» **Dataset section**
Segment Open
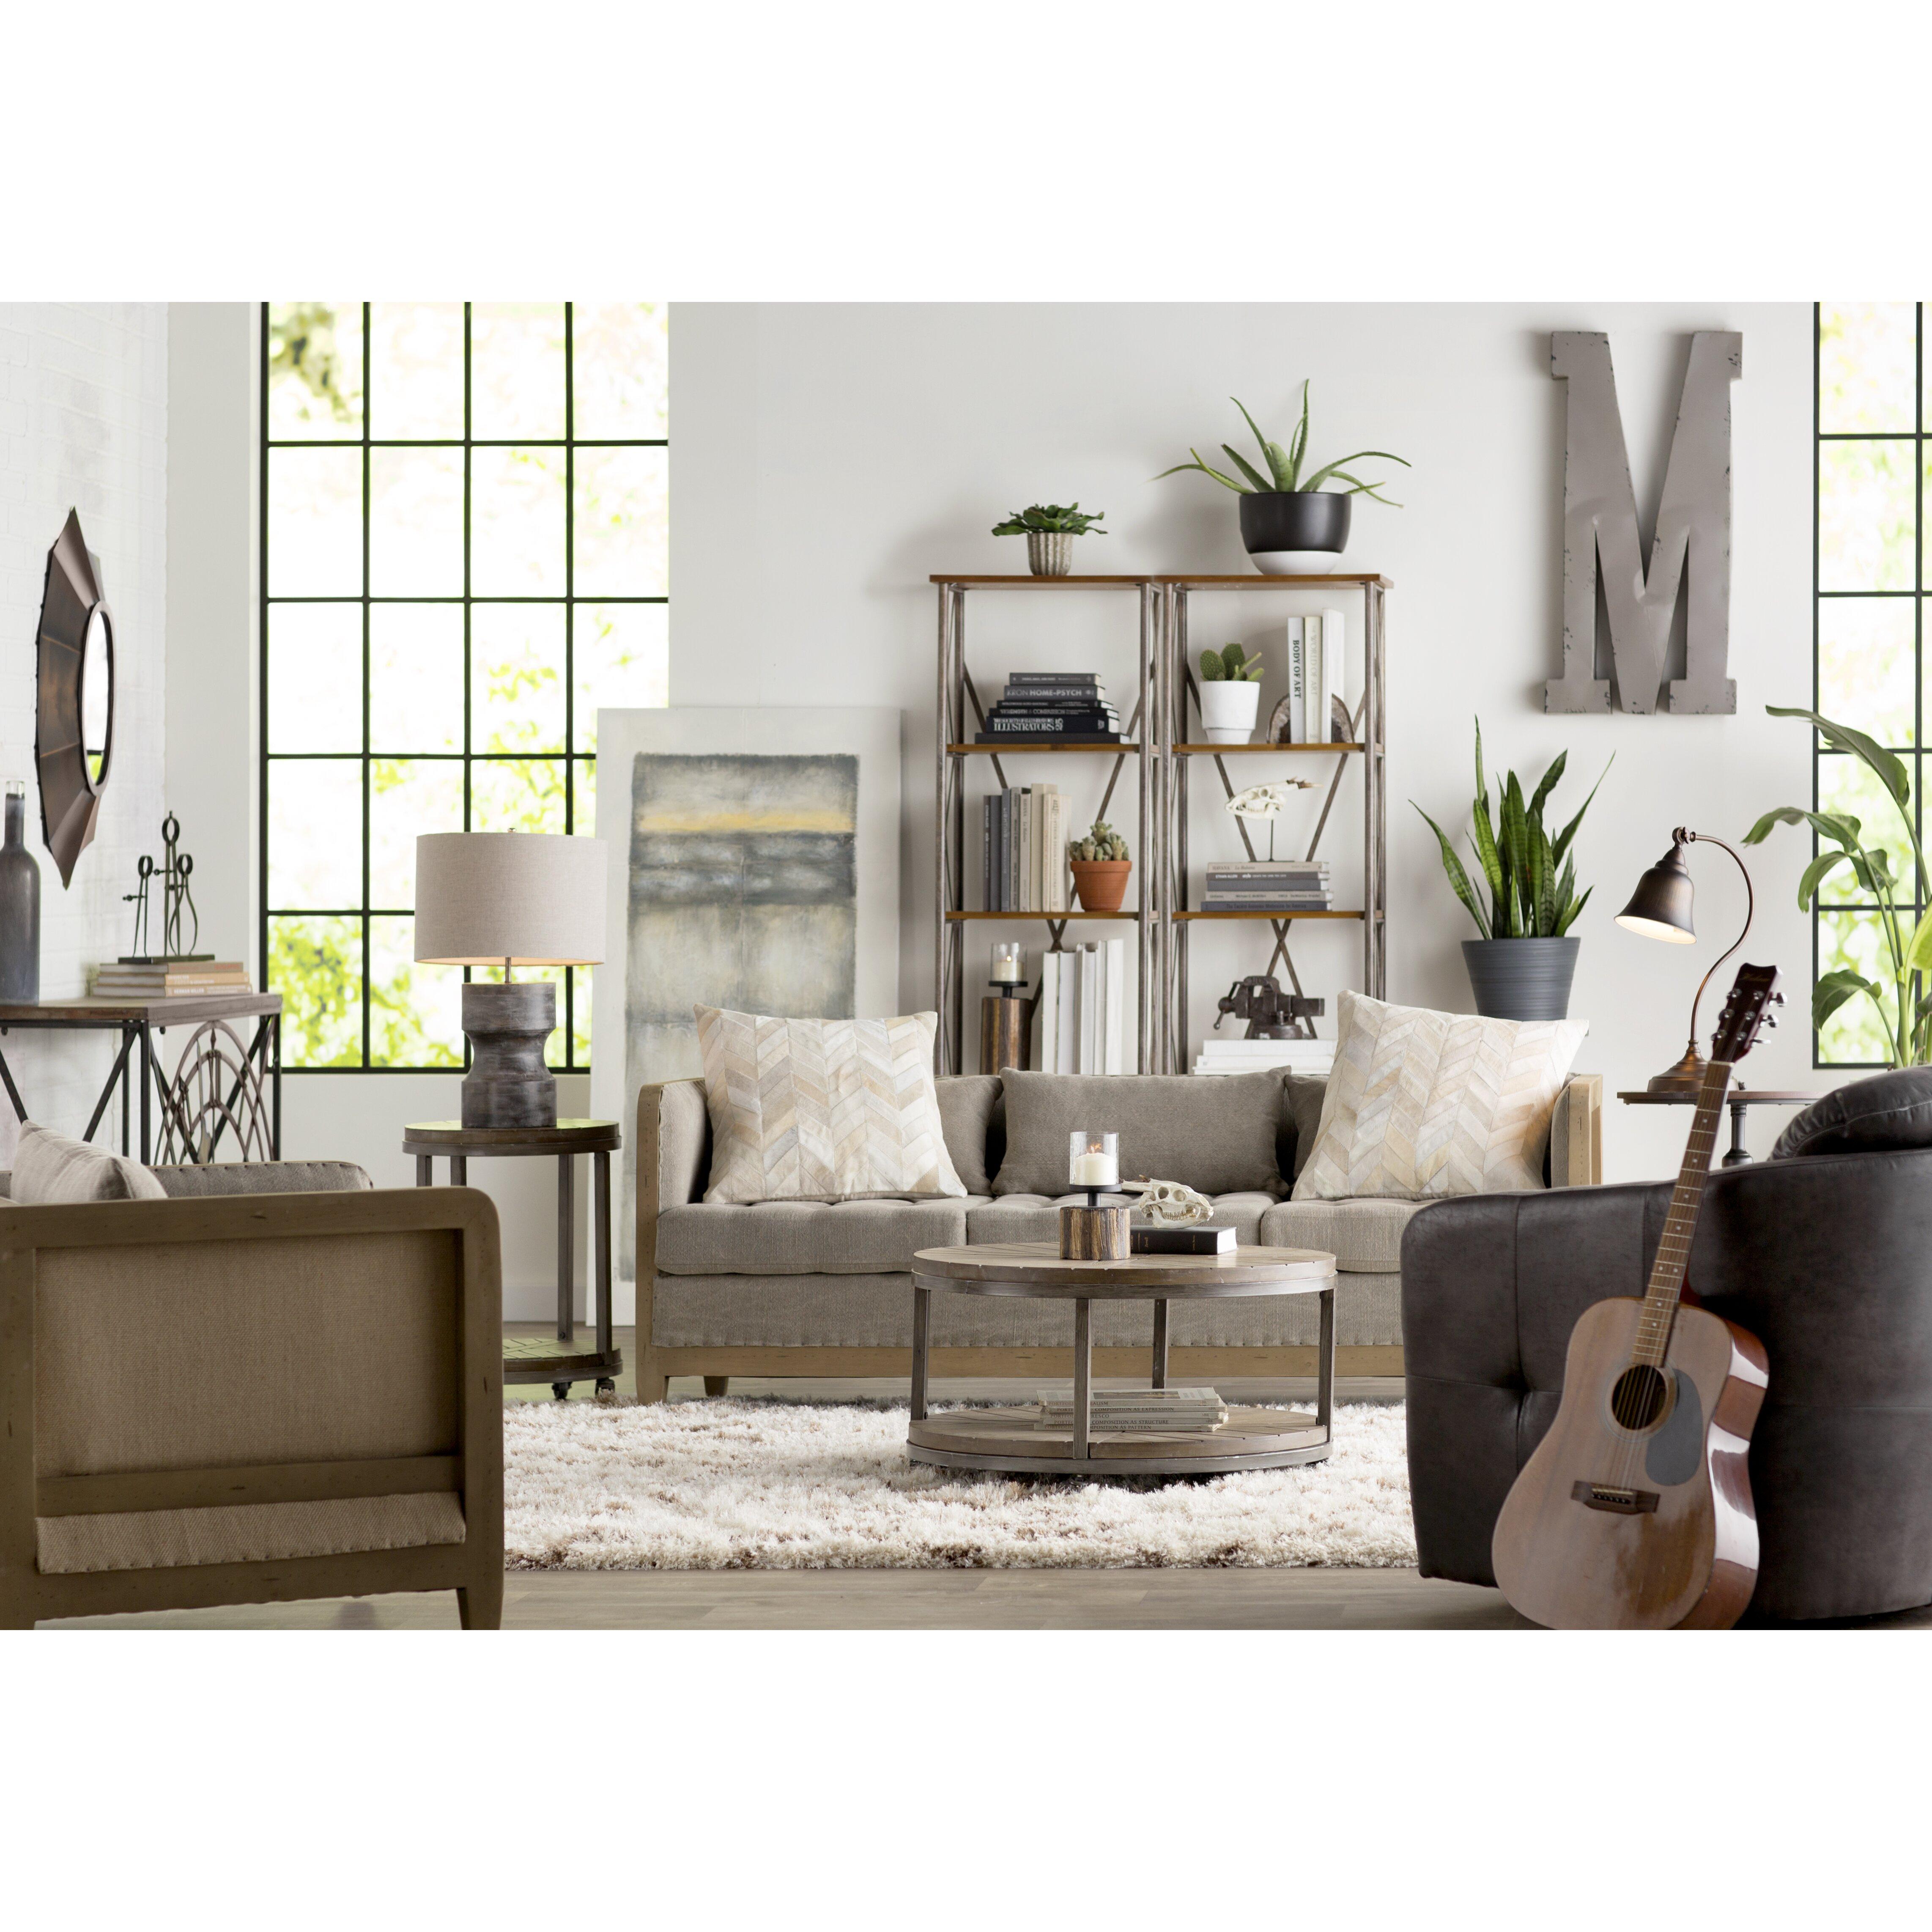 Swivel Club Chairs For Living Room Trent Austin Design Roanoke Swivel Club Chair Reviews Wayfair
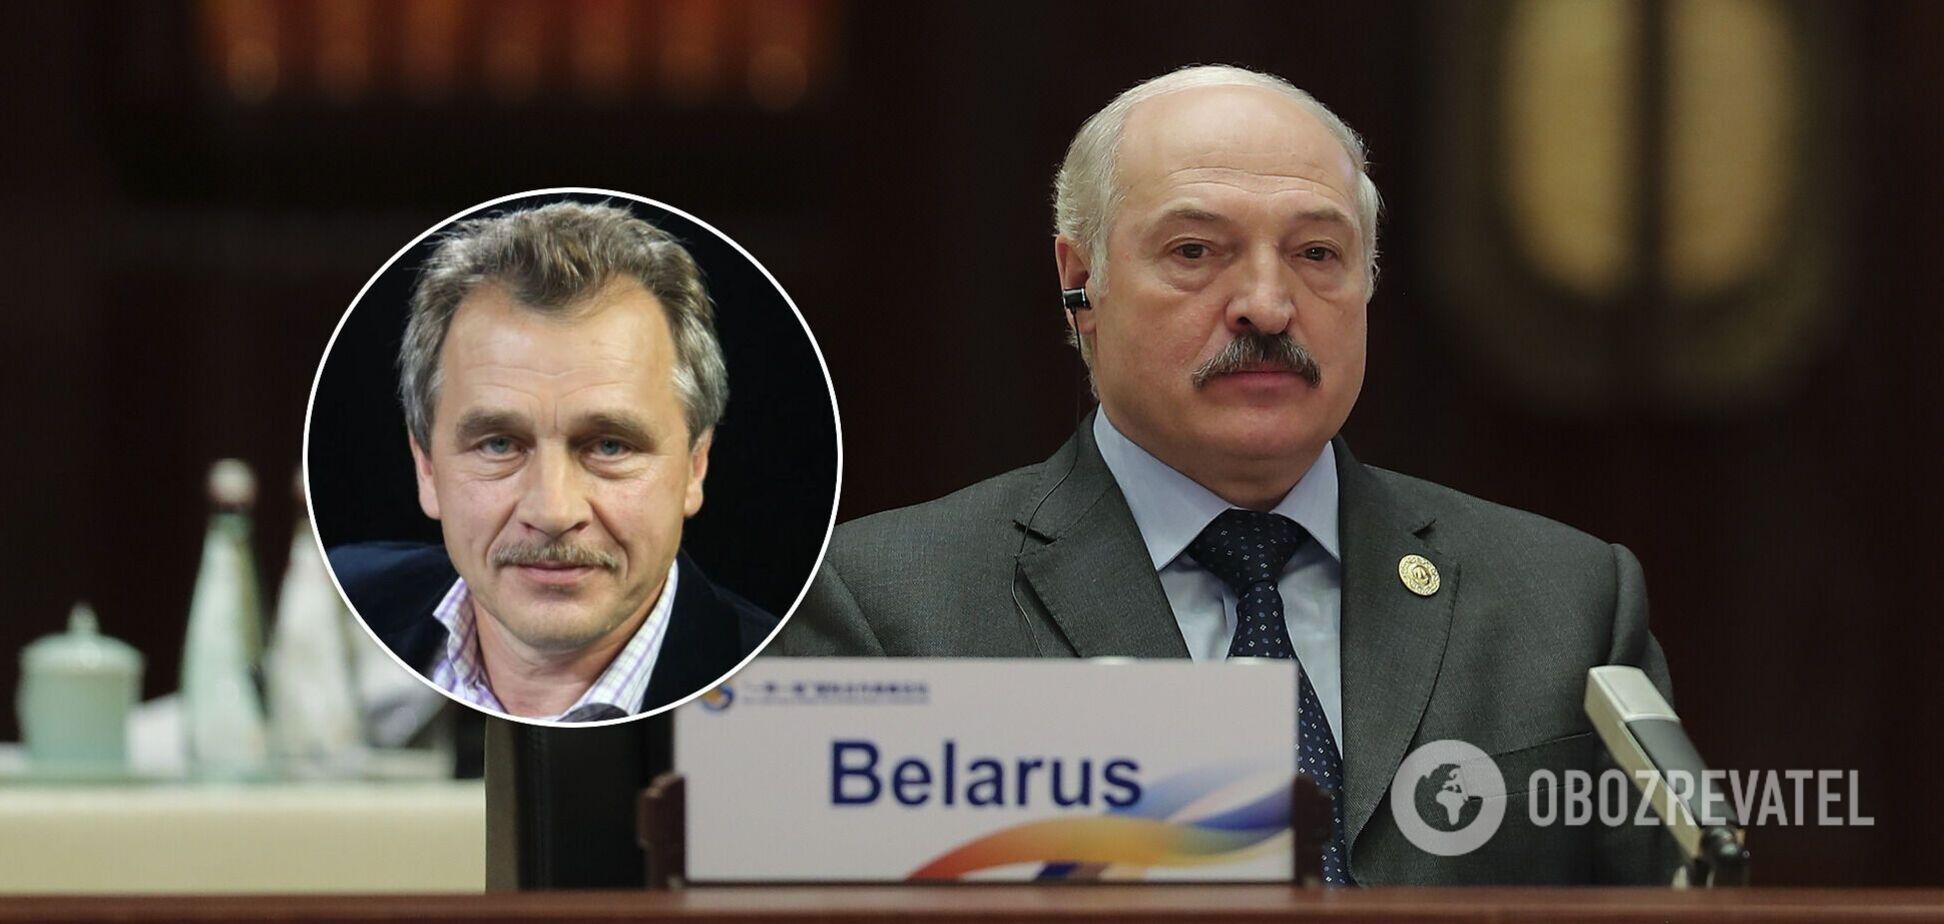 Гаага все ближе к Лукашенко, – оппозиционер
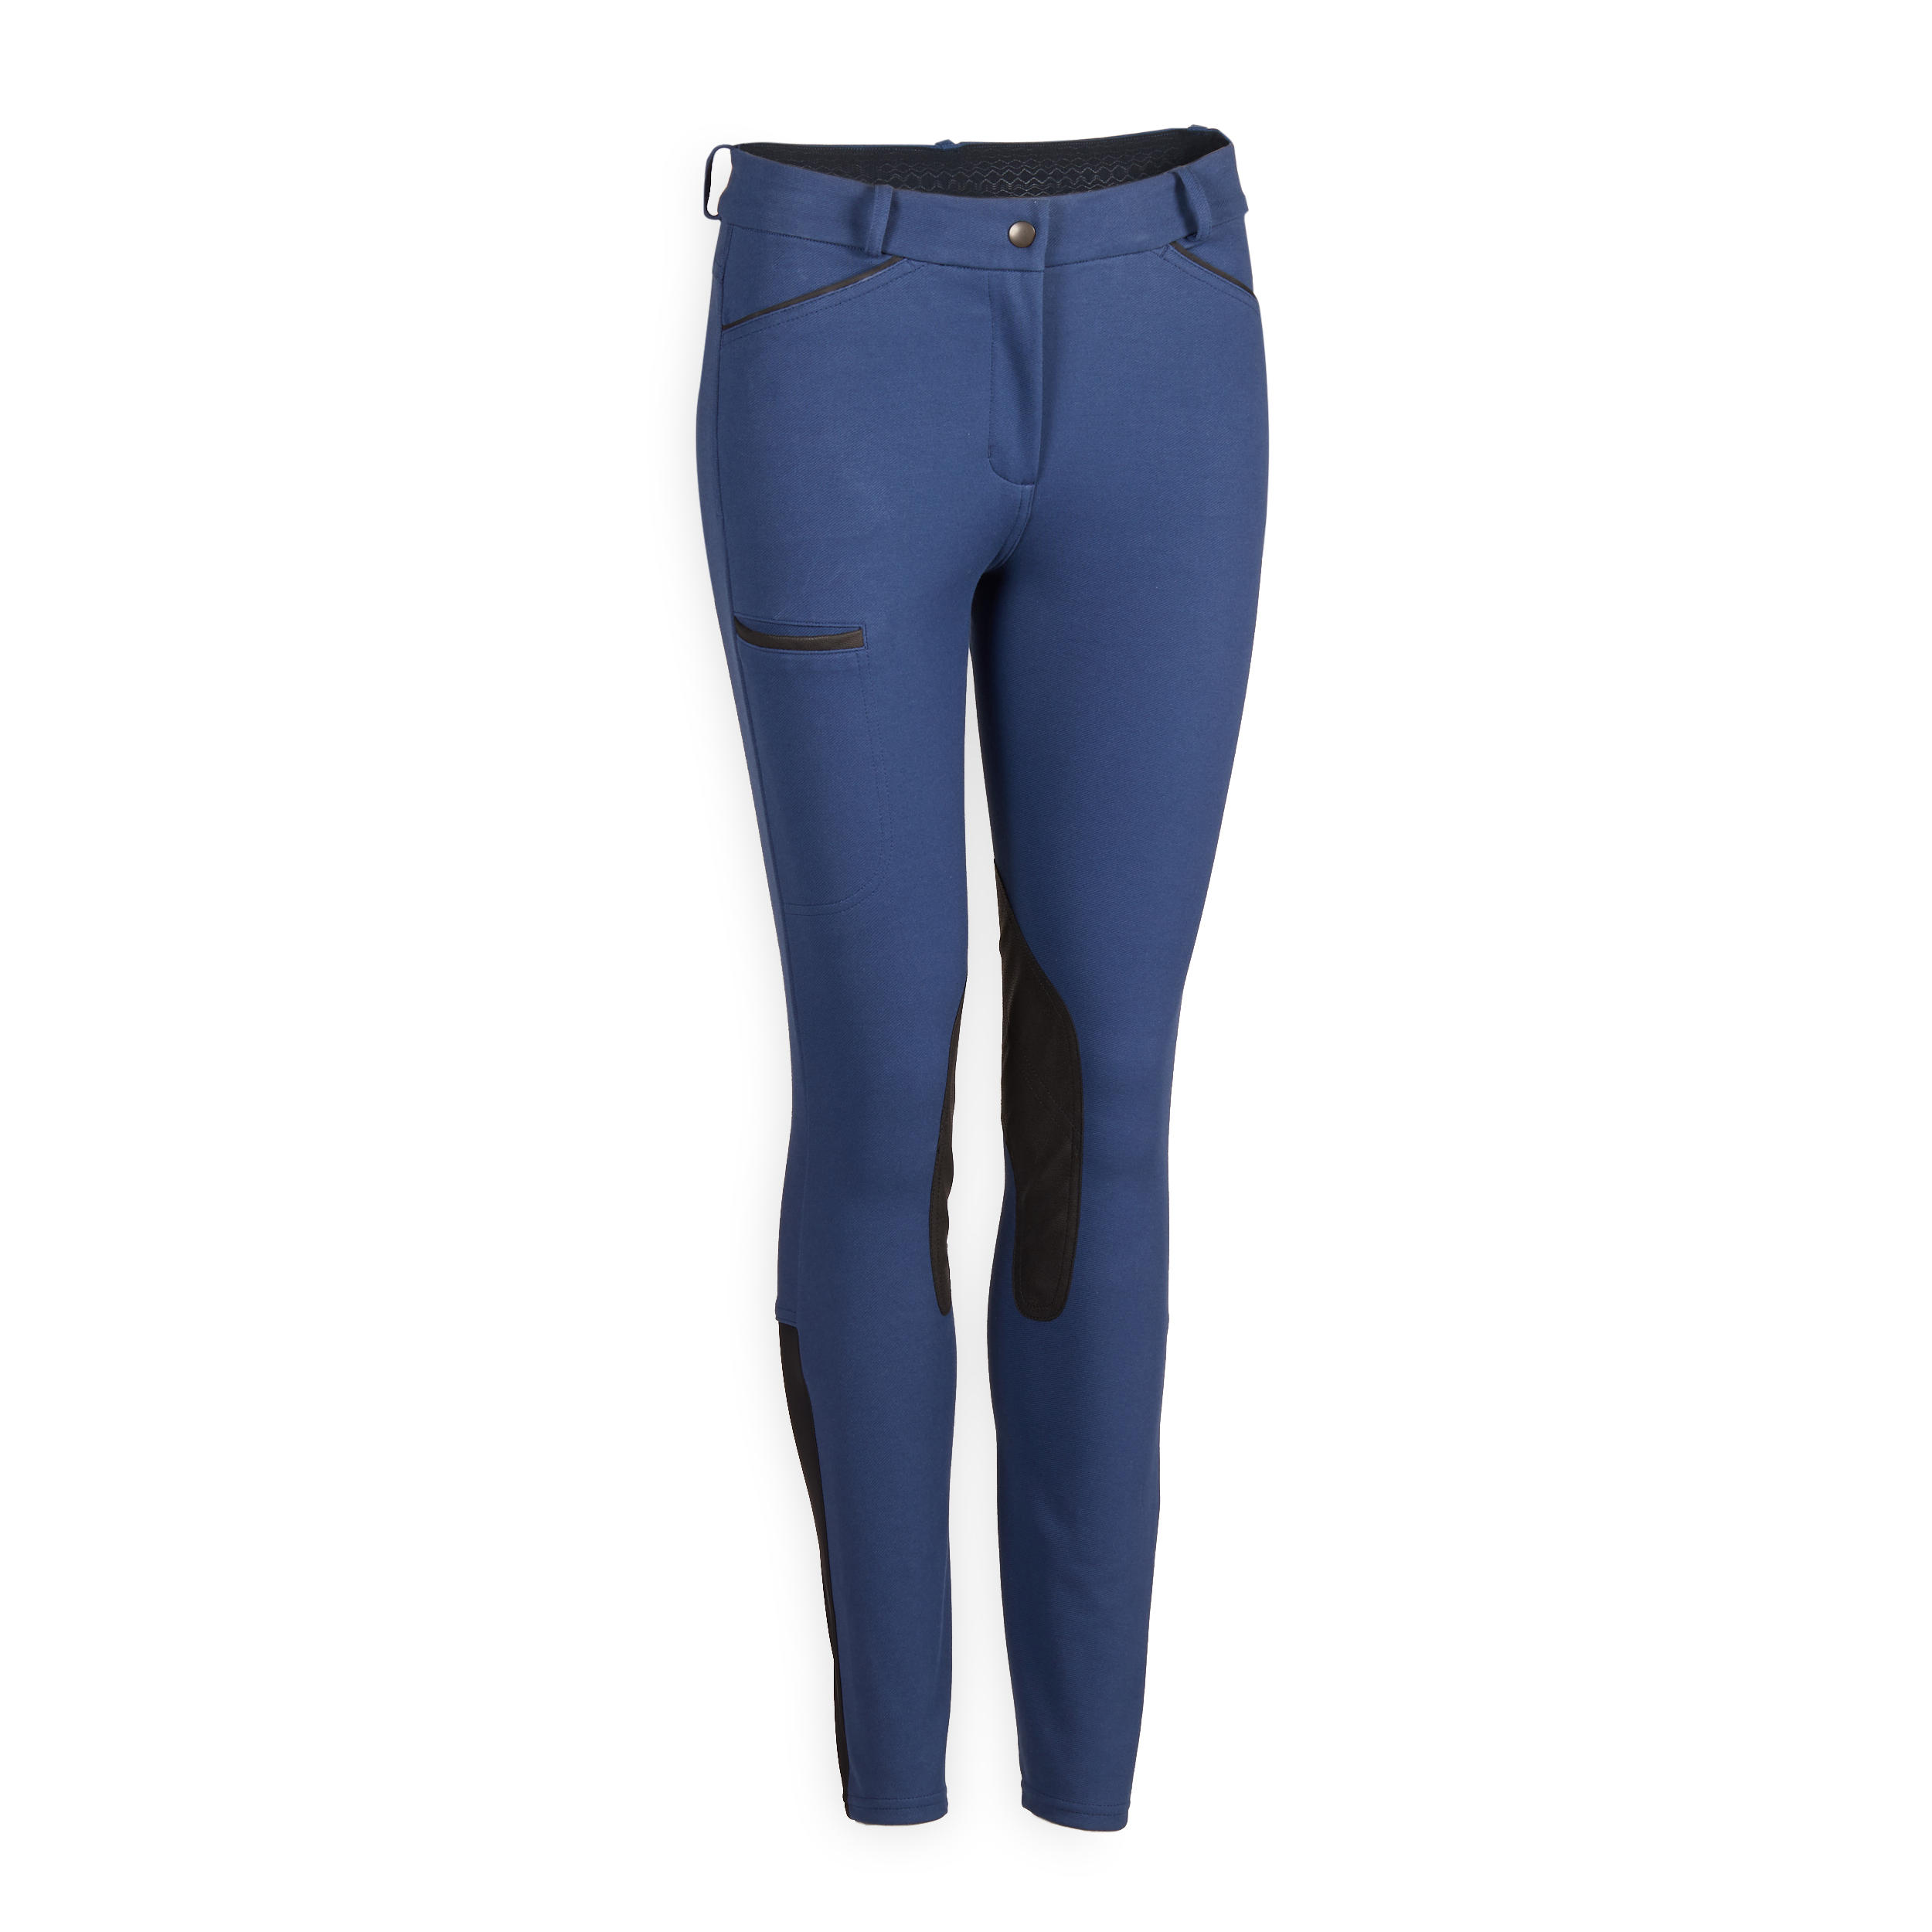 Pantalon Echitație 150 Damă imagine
Segment Closed
» **Your assignment**
Nothing but the text of the listing should be set down, exactly, with the pictures left behind.

» **Solution**
 Swivel Club Chairs For Living Room Trent Austin Design Roanoke Swivel Club Chair Reviews Wayfair
 Гаага все ближе к Лукашенко, – оппозиционер
 Pantalon Echitație 150 Damă imagine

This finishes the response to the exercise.